Re: [boost] [XInt] CoW/Move Timings

10 Mar 2011


      On Wed, 09 Mar 2011 23:30:21 -0800
"Jeffrey Lee Hellrung, Jr." <jhellrung@ucla.edu> wrote:
...
On 3/9/2011 9:35 PM, Chad Nelson wrote:
...
On Wed, 09 Mar 2011 17:36:40 -0800
Steven Watanabe<watanabesj@gmail.com>  wrote:
...
...
The "review code" lines are for the unmodified review version of
the code. All others are for the pass-by-reference version, with
several other modifications that should have no measurable effect
on the speed.
Is this version of the code available somewhere?
<http://www.oakcircle.com/download/xint-postreview1.zip>
It doesn't look like any of the cpp files in libs/xint/test
correspond to the benchmark you posted most recently.  Am I blind, or
should I be looking elsewhere?
I'm not sure what you mean.
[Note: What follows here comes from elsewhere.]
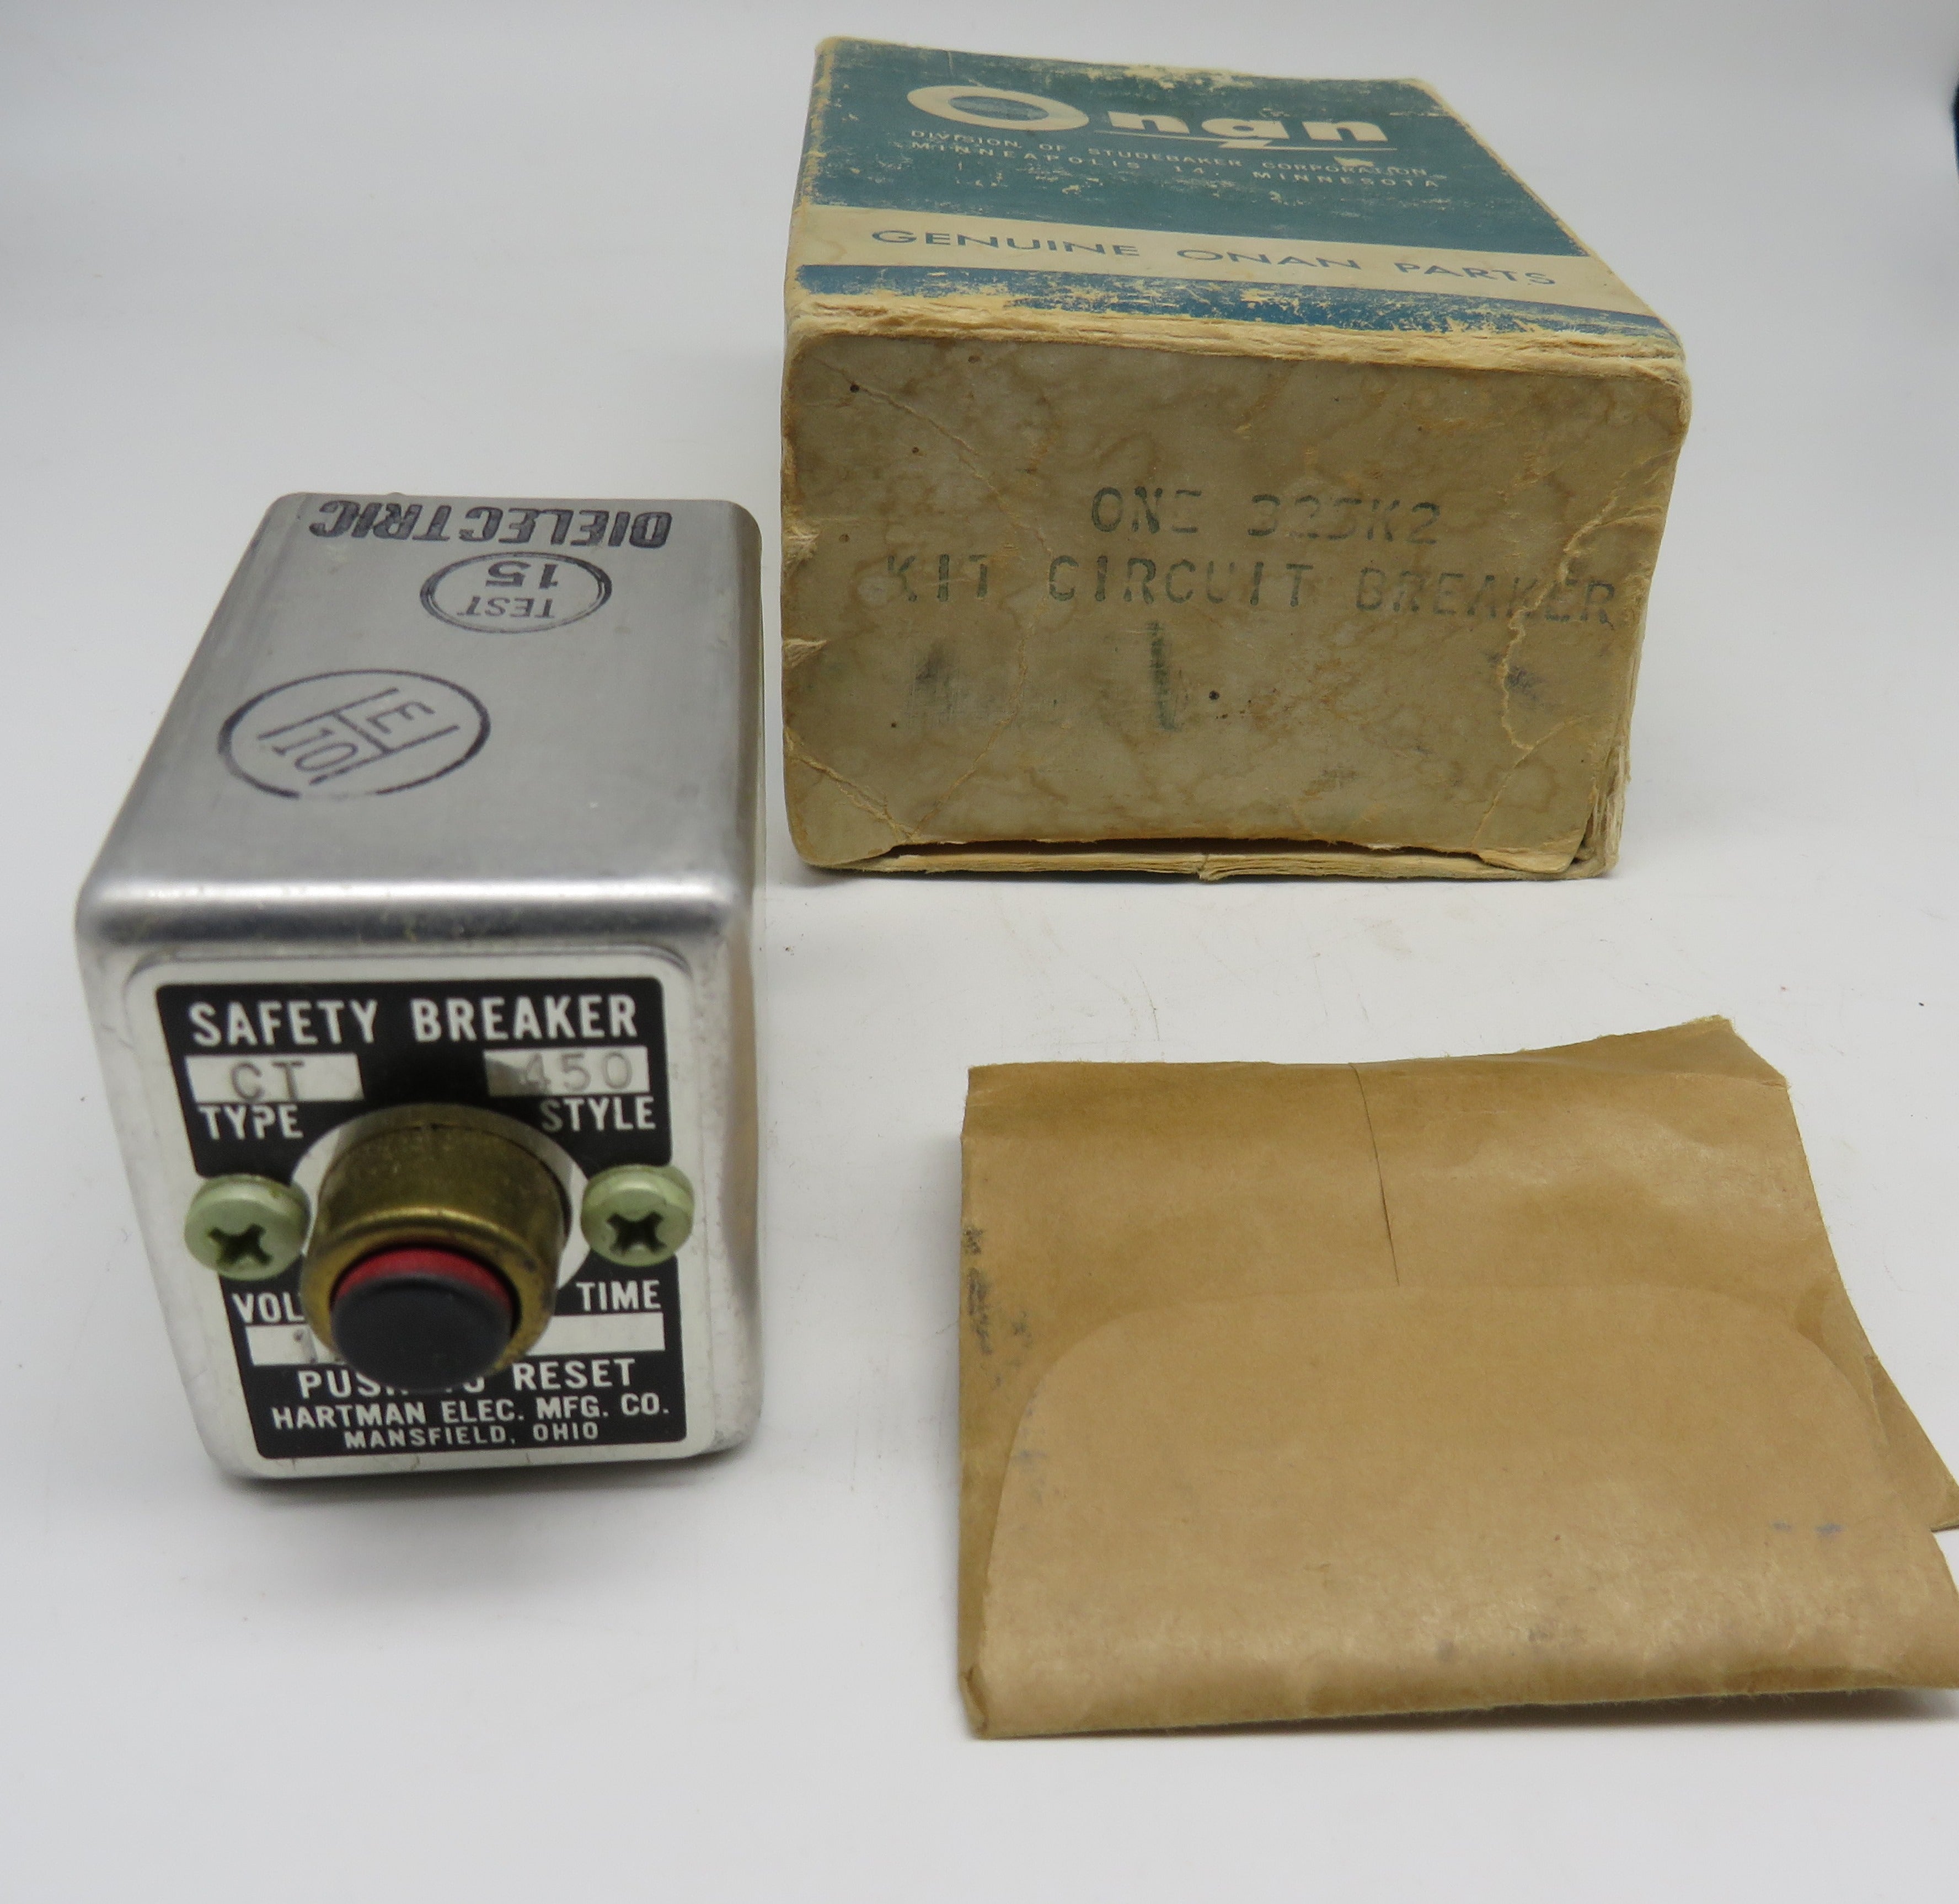 325-0002 Onan Circuit Breaker Kit Obsolete (Sept 1963) 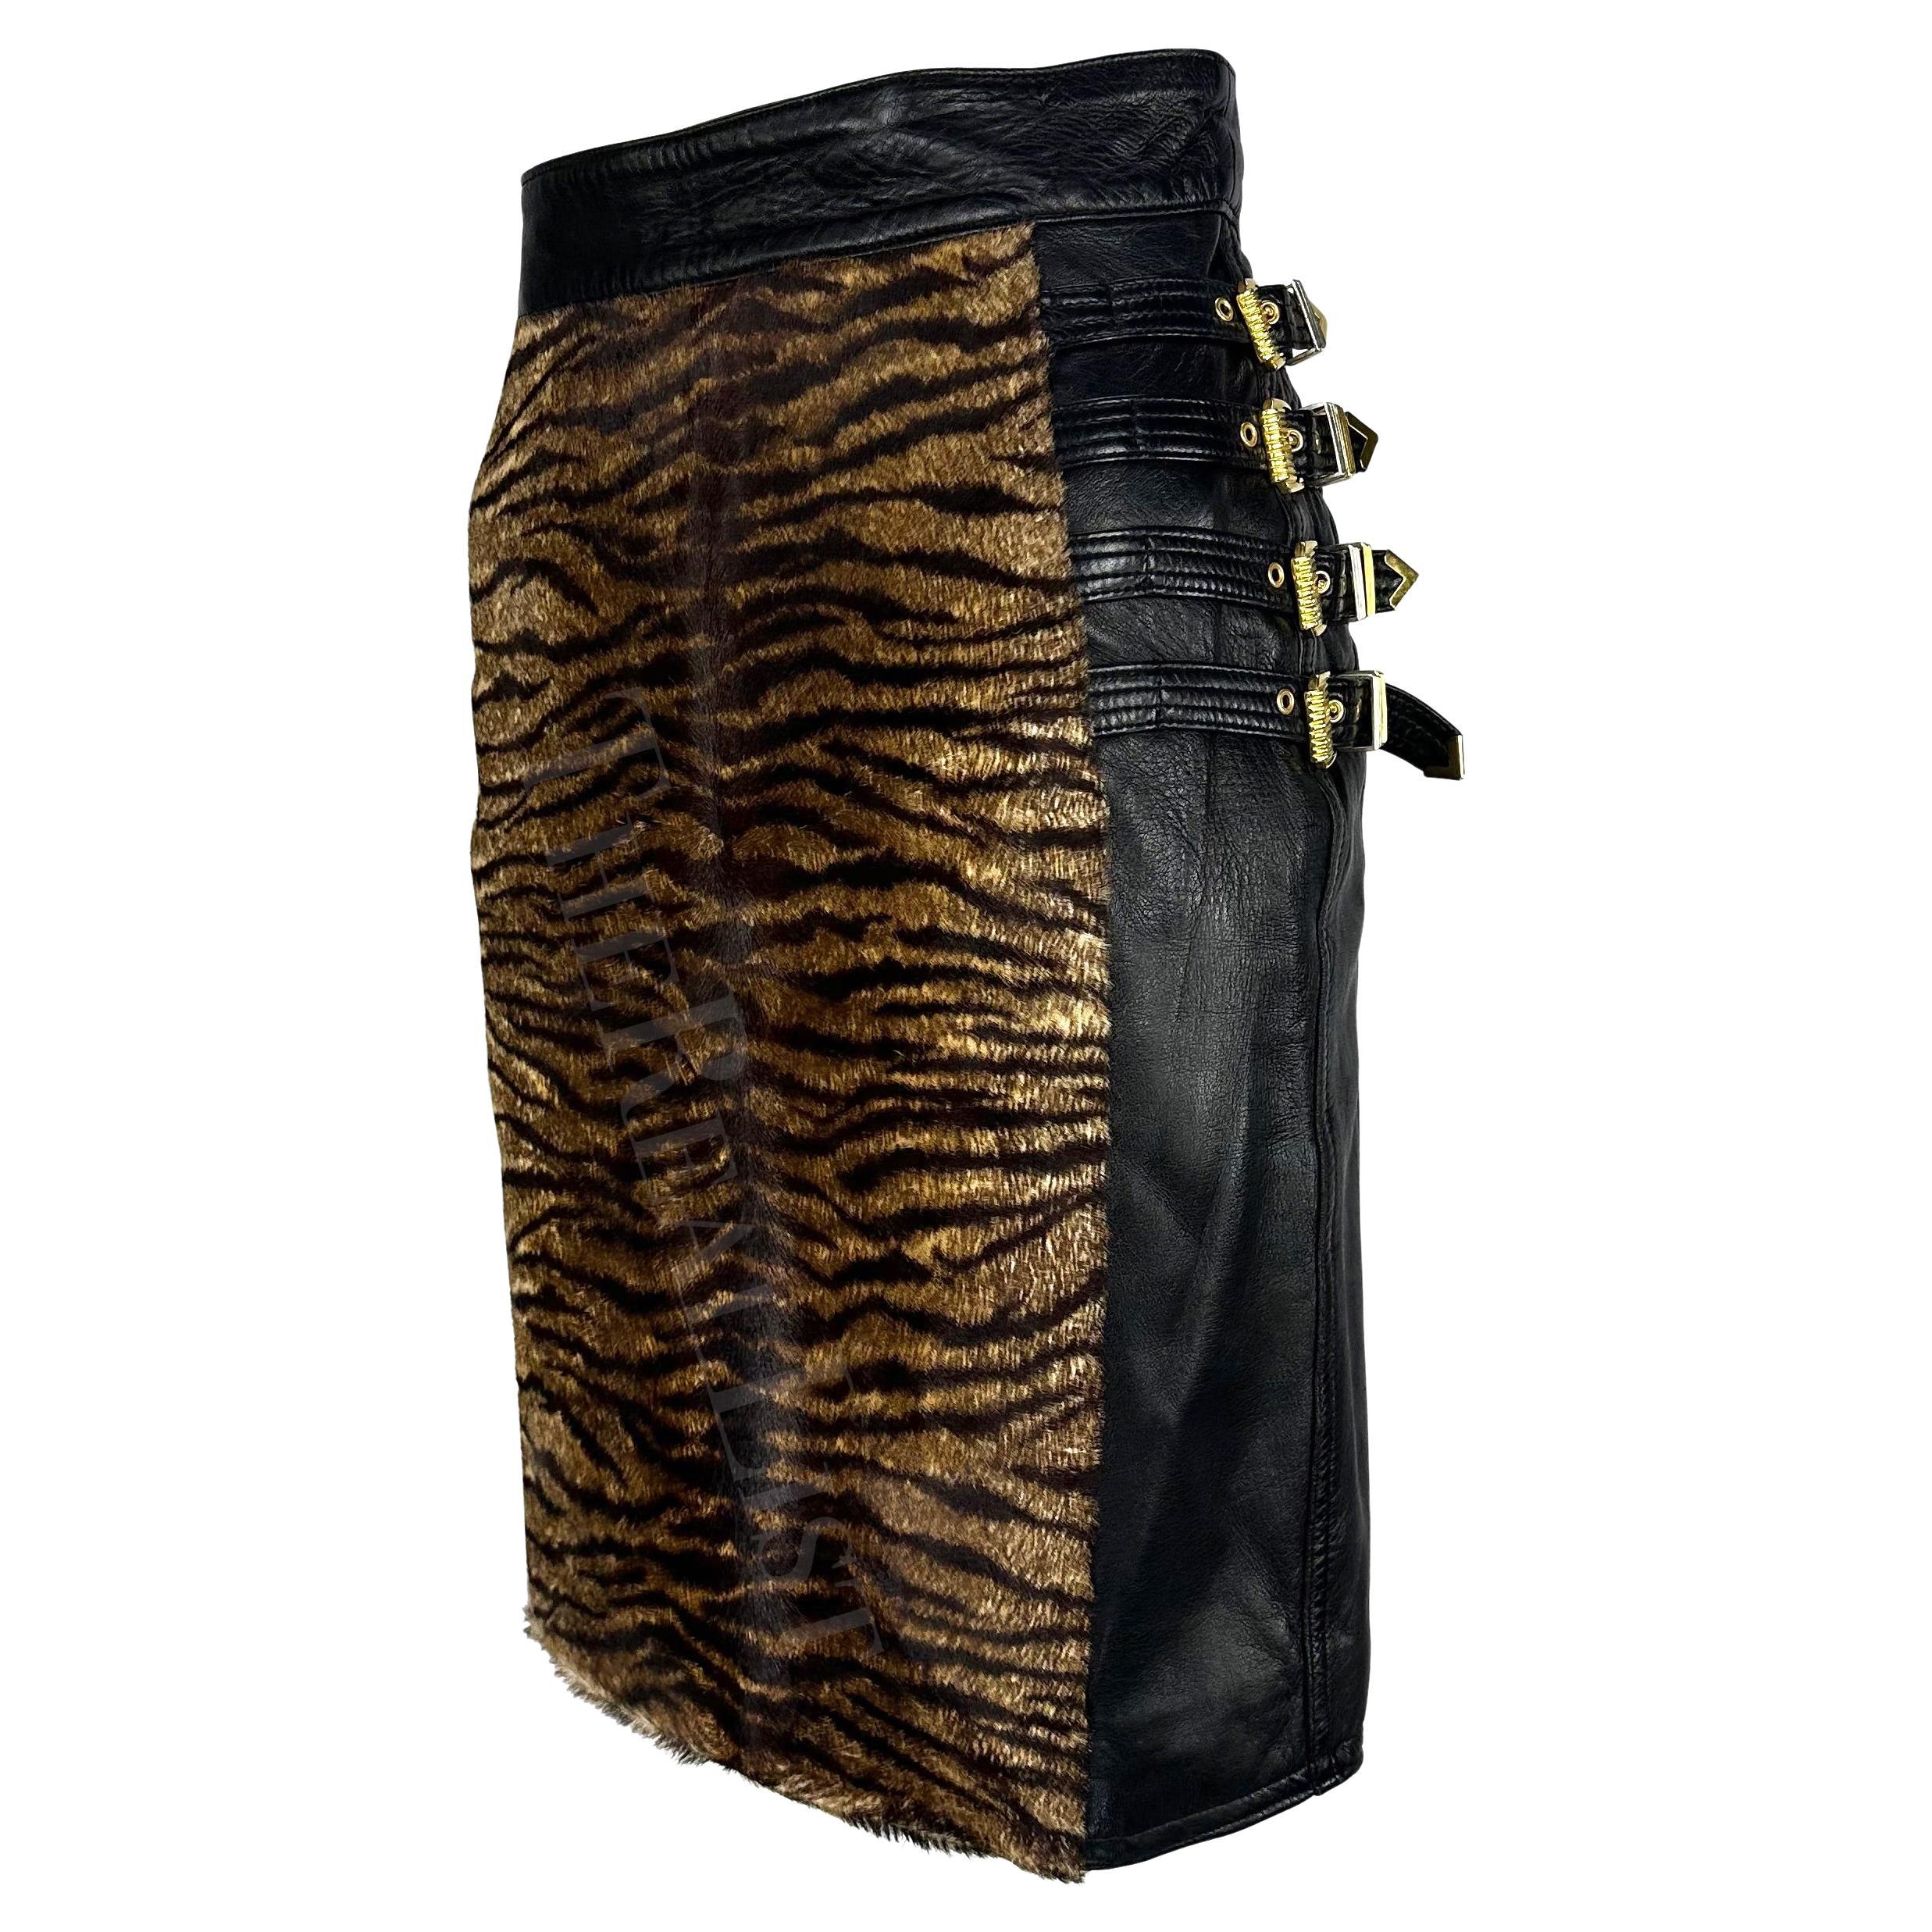 F/W 1992 Gianni Versace "Miss S&M" Bondage Animal Print Black Leather Skirt For Sale

I simply defined PERFORMANCE_TEST
in /libs/xint/test/test_main.cpp and used the Linux "time" command to
get the timings for each run.
...
I'm stepping through an execution of test_main.cpp with "#define 
PERFORMANCE_TEST" uncommented in the MSVC9 debugger and with an added 
"#define BOOST_XINT_USE_MOVE" (why isn't this defined by default???).
Because Boost.Move was still very much up in the air when I wrote that
code.
...
First thing I notice is that, indeed, CoW is used internally in the 
raw_integer_t -> magnitude_manager_t, unless one undefs 
BOOST_XINT_USE_COW
As I explained earlier.
...
(in which case, there are still reference counts floating around,
sadly; but it looks like every attachment is immediately followed by
a deep copy).
That was the only way I could see to provably disable it for timing
purposes, without rewriting large portions of the code.
...
However, it seems some operations still assume CoW behavior of
raw_integer_t.
As I pointed out in my original timings message: "Note that the
Boost.Move numbers could be a little better. The integer_t classes are
move-enabled, but the internal data class is not as yet. The data class
only sometimes uses return values, so the difference isn't likely to be
great."
...
Did you undef BOOST_XINT_USE_COW in your benchmarking of sans-CoW?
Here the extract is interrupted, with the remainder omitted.